As a matter of good practice, legal advisors in Cyprus typically keep a list of pre-approved “shelf names,” which are names already approved by the Registrar. These names are offered to clients who require a quick registration process and are indifferent to the actual name of the company.
Registered Office and Management Structure
A Limited Liability Company in Cyprus is required to have a registered office and address in Cyprus, which must be stated to the Companies Registrar.
Directors & Secretary For a Limited Liability Company in Cyprus, it is mandatory to have a director and secretary who reside in Cyprus. However, corporate entities are permitted to hold these positions. In the case of a company having only one member, the director and secretary positions can be held by the same individual. The details of the director and secretary are registered with the Companies Registrar and are publicly available.
Shareholders & Beneficial owners
A single shareholder is the minimum requirement for a Cyprus Limited Liability Company, with a maximum of 50 shareholders allowed. There are no restrictions on the nationality or residency of the shareholders, and both corporate entities and natural persons can be appointed as shareholders. It is also possible for the same person to serve as both the director and shareholder of the company.
The details of shareholders are registered with the Companies Registrar and are publicly available, while the details of beneficial owners are not registered on the public record and are not accessible to the public
Capital Assets & Structure
The capital structure of companies incorporated in Cyprus offers significant flexibility to business owners. When establishing a company, the authorized capital can be determined by the owners and denominated in any currency of their choice. While it’s common to suggest an authorized capital of €1,000, this is not a mandatory requirement. The authorized share capital represents the maximum amount of capital that the company is permitted to raise from its shareholders through the issuance of shares.

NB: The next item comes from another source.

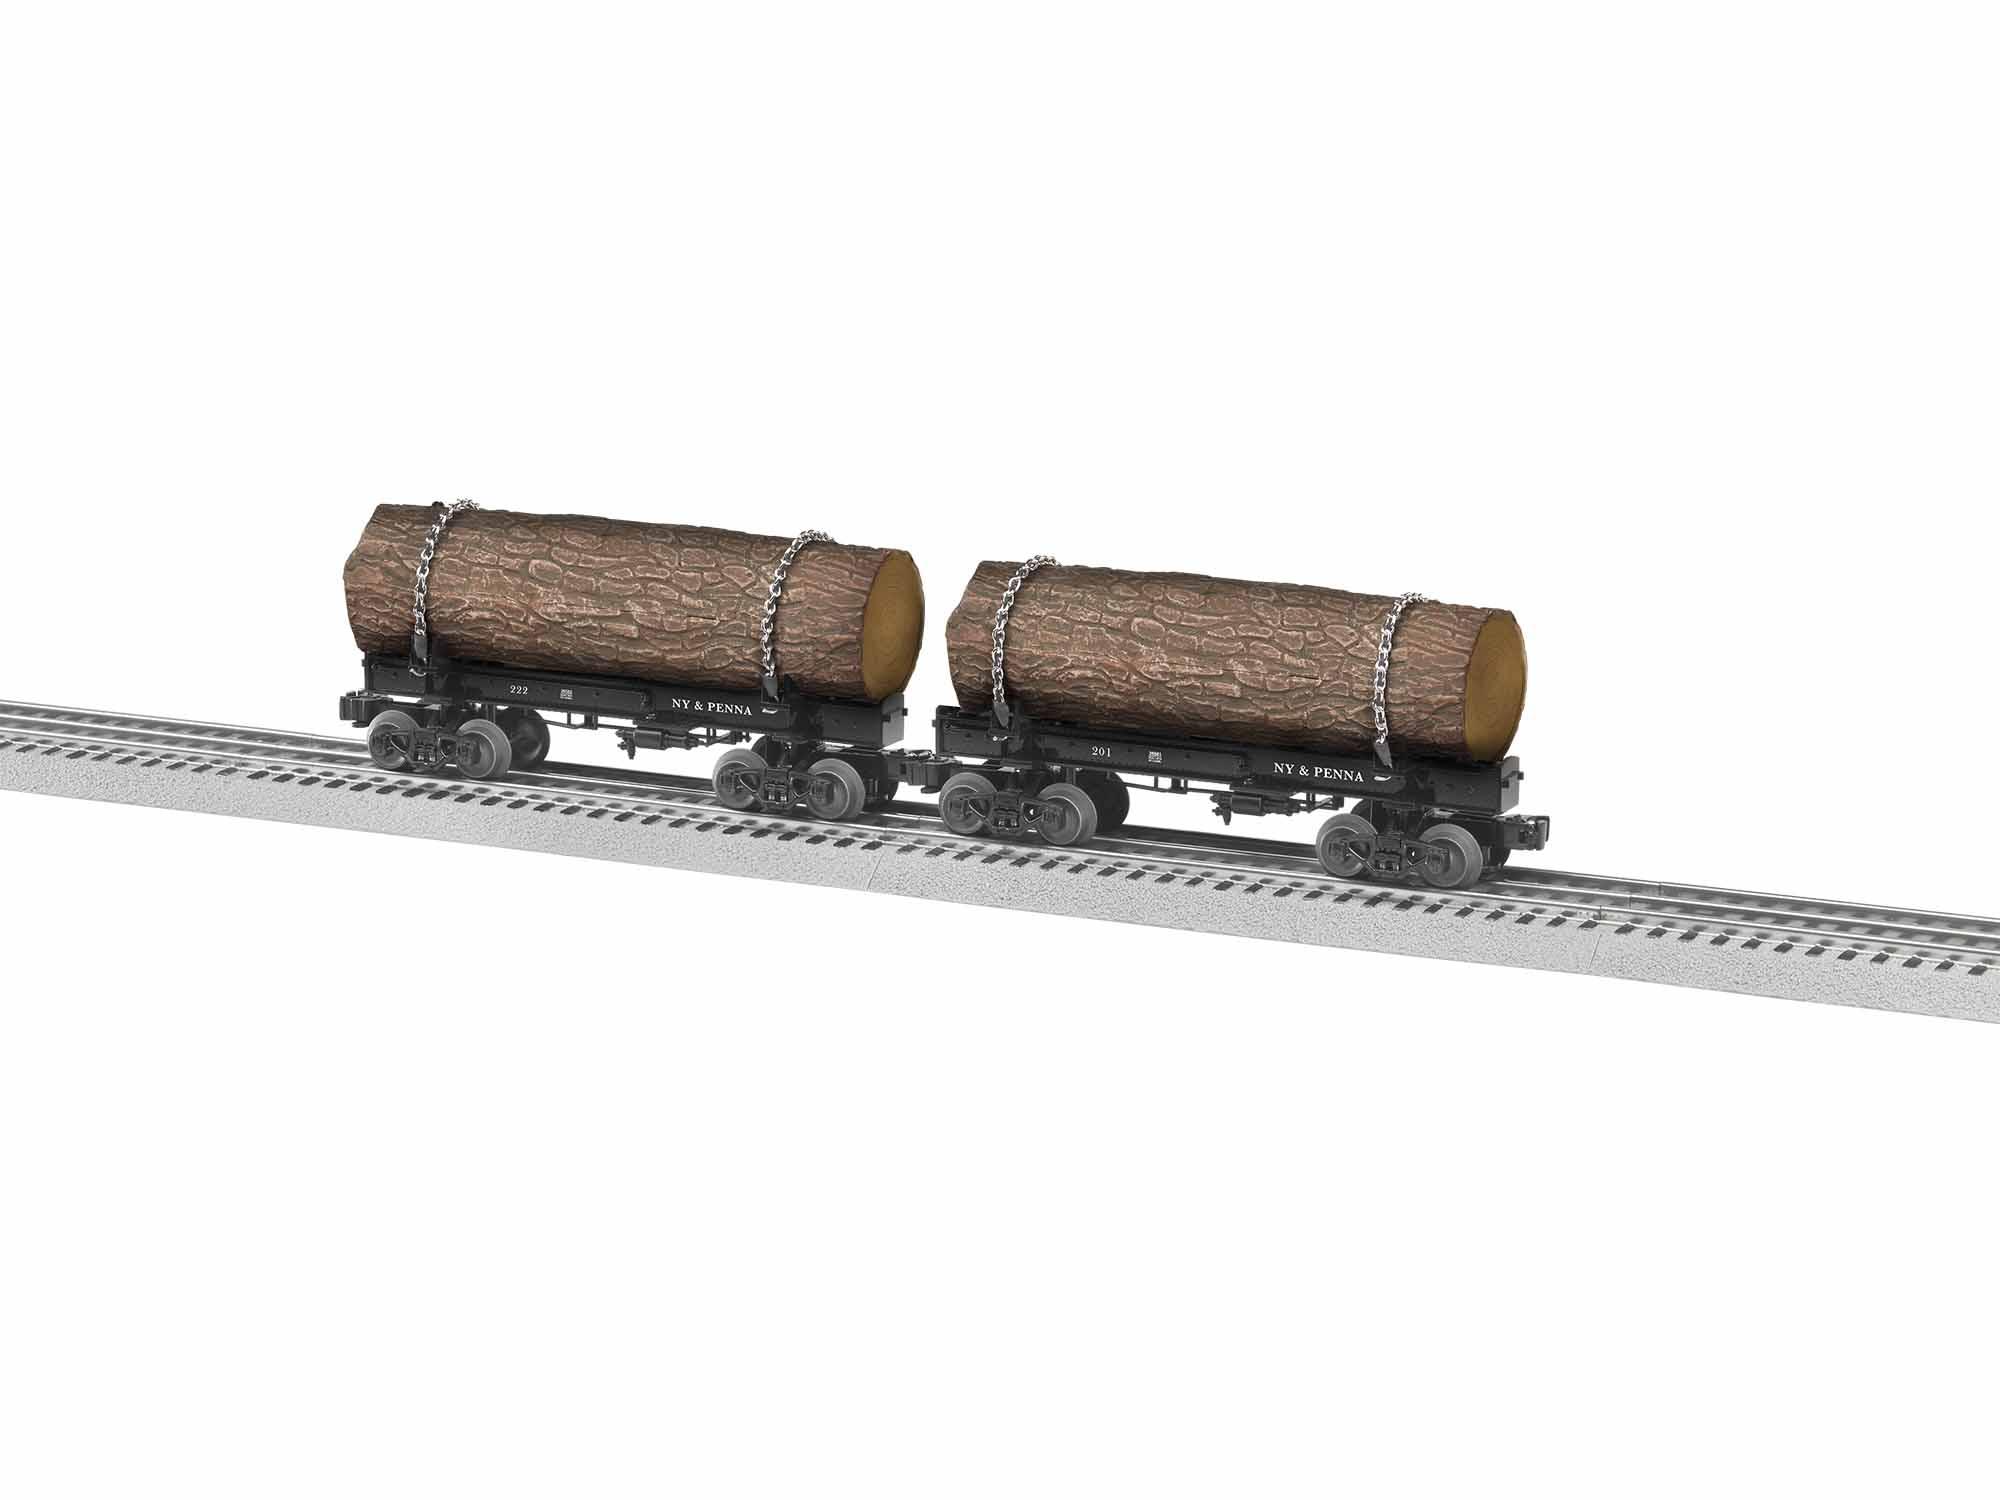 LNL1926580 Lionel O Skeleton Log Car, NY & Penna (2) Pack A

In terms of share types, Cyprus Limited Liability Companies are restricted to issuing only registered shares. The minimum number of shares that must be issued is one, providing flexibility for sole proprietorships or closely held companies. It’s worth noting that bearer shares are not permitted under Cyprus law, ensuring transparency in company ownership.

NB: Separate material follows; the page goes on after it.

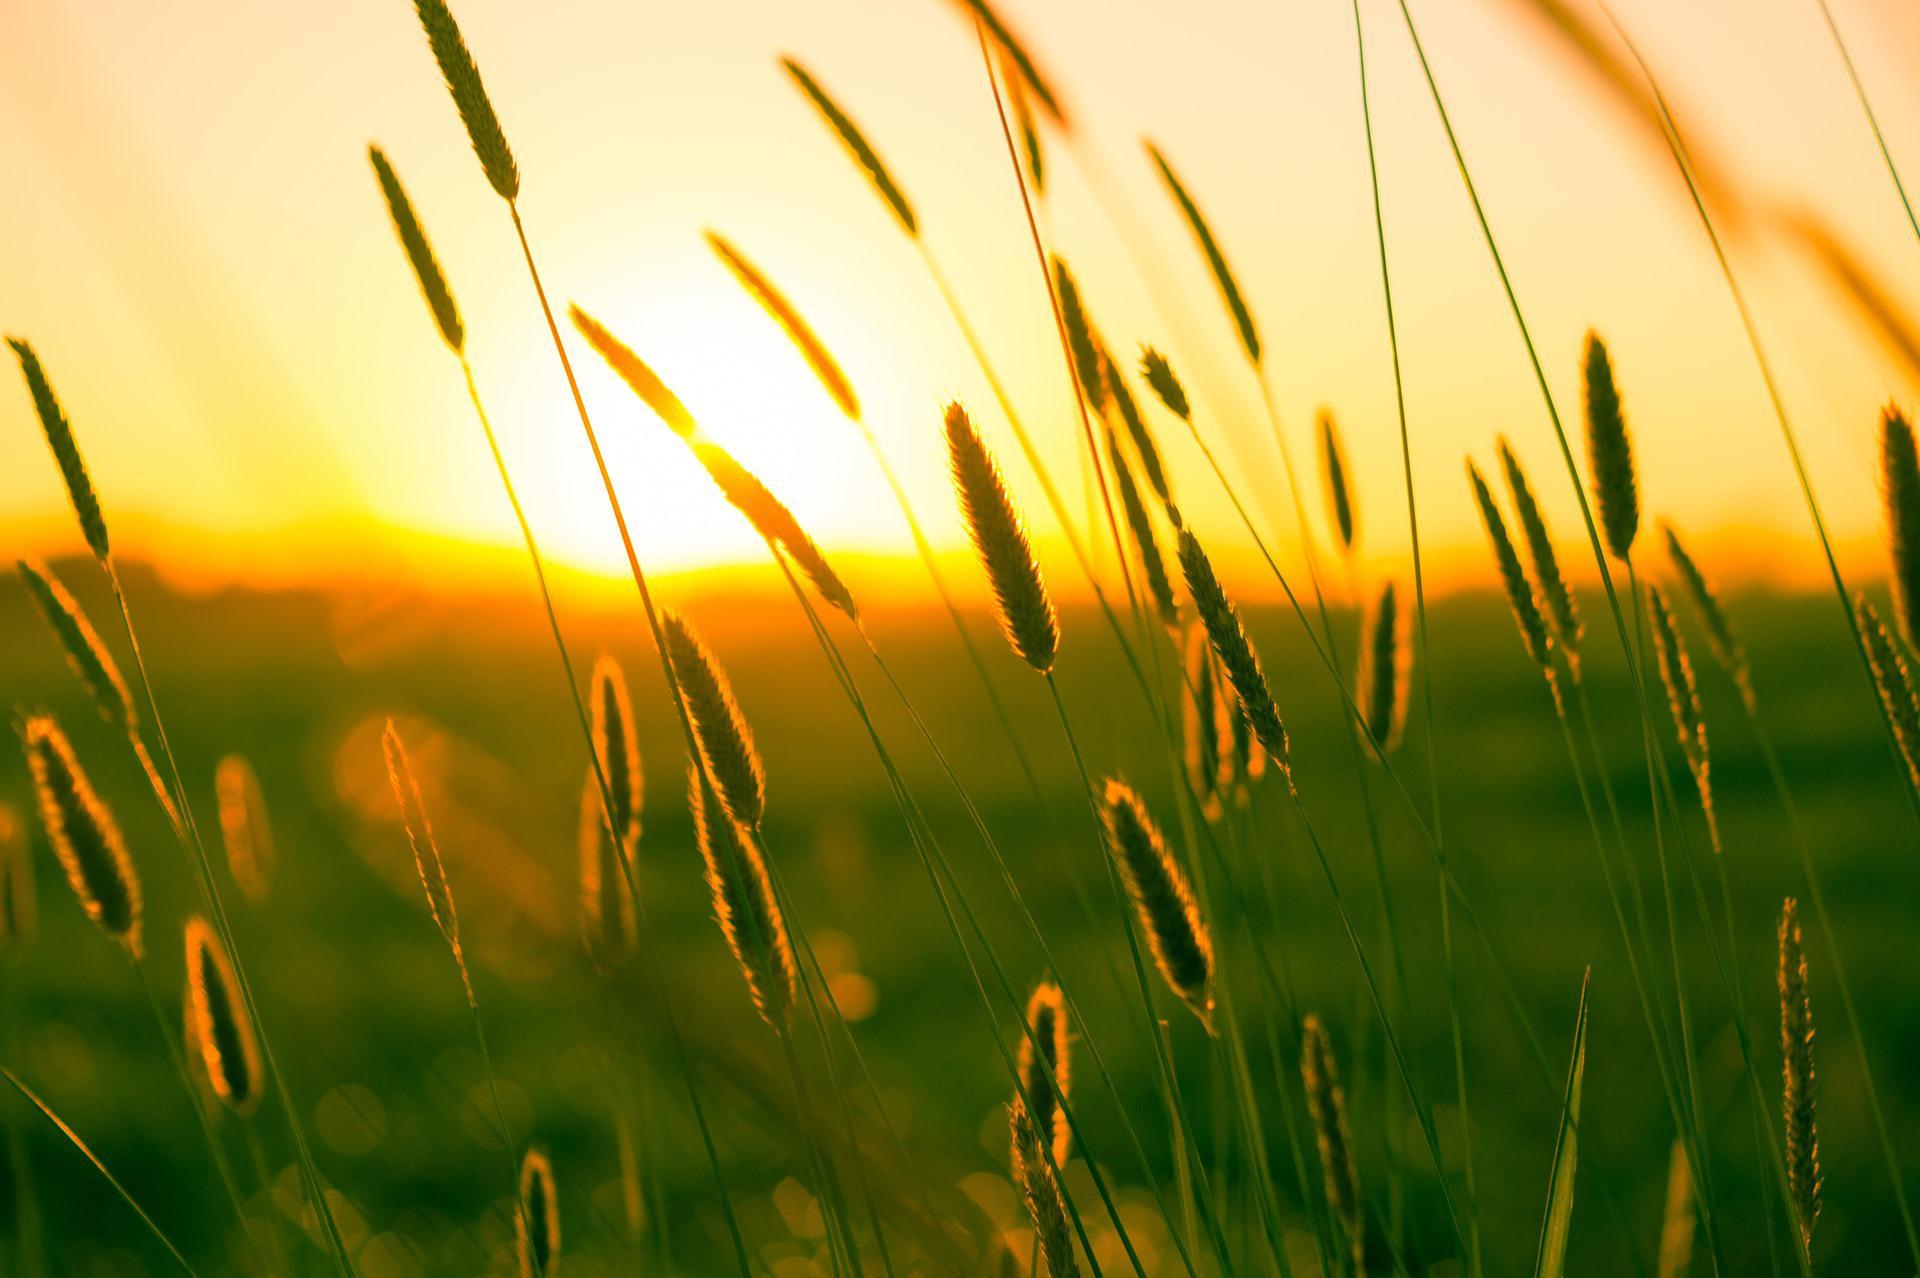 عکس زمینه گندم زار در هنگام غروب آفتاب پس زمینه

One of the most attractive features of the Cyprus company structure is the absence of a minimum paid-up capital requirement at incorporation. This means that shareholders are not obligated to pay up capital within a specific timeframe. This provision offers significant financial flexibility, particularly beneficial during the critical early stages of a business when cash flow can be tight. It allows companies to allocate their financial resources where they’re most needed, rather than tying them up in paid-up capital.
This flexible approach to capital structure and share issuance aligns with Cyprus’s broader strategy of creating a business-friendly environment. It allows companies to tailor their capital structure to their specific needs and growth plans, making Cyprus an attractive jurisdiction for a wide range of business types and sizes.

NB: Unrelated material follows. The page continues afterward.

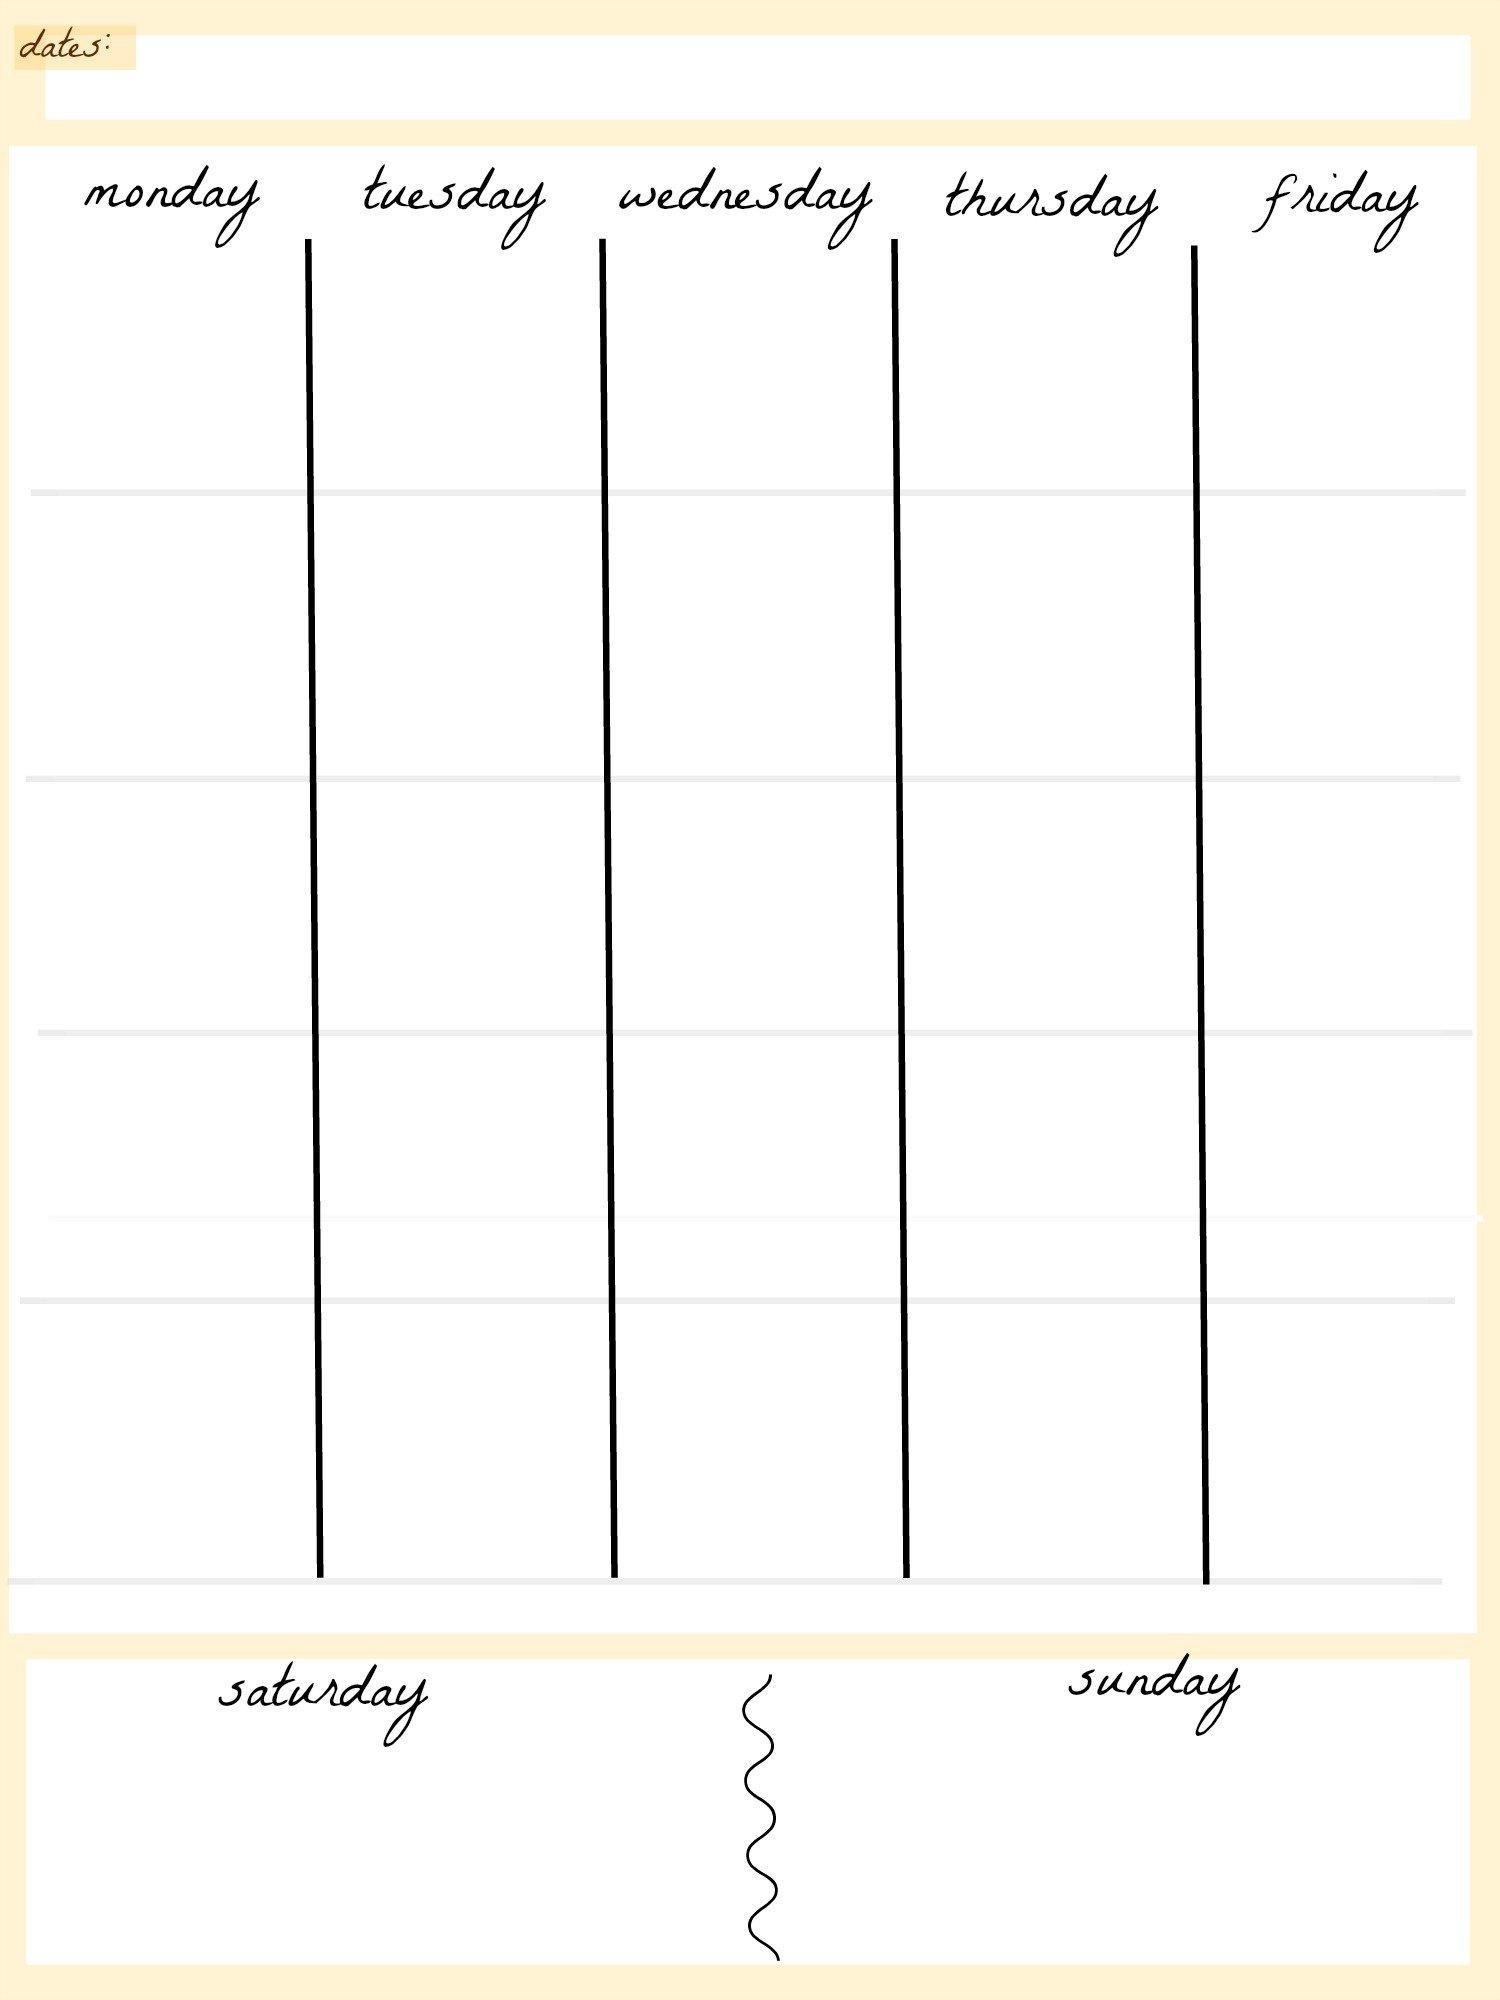 June 2018 – Page 4 – Template Calendar Design Free 4 Week Calendar Templates

Annual Compliance and Government Fees
Companies registered in Cyprus are subject to two primary annual reporting obligations. Firstly, every Cyprus company must submit audited or certified financial statements to the local tax authority annually, regardless of whether the company is active or tax resident in Cyprus. This requirement ensures transparency and compliance with financial regulations. Secondly, companies must file an Annual Return with the Registrar of Companies. The initial submission is due 18 months after the date of registration, with subsequent submissions required annually. It’s worth noting that while these two major reports are annual, companies also have quarterly obligations related to VAT and social insurance contributions, which require more frequent filings throughout the year.
In addition to these reporting requirements, Cyprus companies must pay an annual fee to the Registrar of Companies to maintain their good standing. This annual fee amounts to €350 and is due by June 30th each year. For companies that are part of a group, the total amount is capped at €20,000. Prompt payment of this fee is crucial, as late payments incur penalties. If payment is made between July 1st and August 31st, a €35 penalty is applied. This penalty increases to €140 for payments made between September 1st and November 30th. Continued non-compliance may ultimately result in the company being struck off the register. While these fees and potential penalties add to the cost of maintaining a company in Cyprus, they contribute to the overall integrity and reliability of the Cyprus business environment.
Administrative Requirements and Employer Responsibilities
Companies in Cyprus are required to register with the Tax Department and Social Insurance Services to obtain a tax identification number, a VAT registration number, and to pay contributions to various funds for their employees. Employers must pay contributions to the Social Insurance, Annual Holidays with Pay, Redundancy, Human Resource Development, and Social Cohesion funds for each employee who earns at least €200 per week or €700 per month. Contributions, including the employees’ share, must be paid monthly in arrears within one month from the end of each contribution month.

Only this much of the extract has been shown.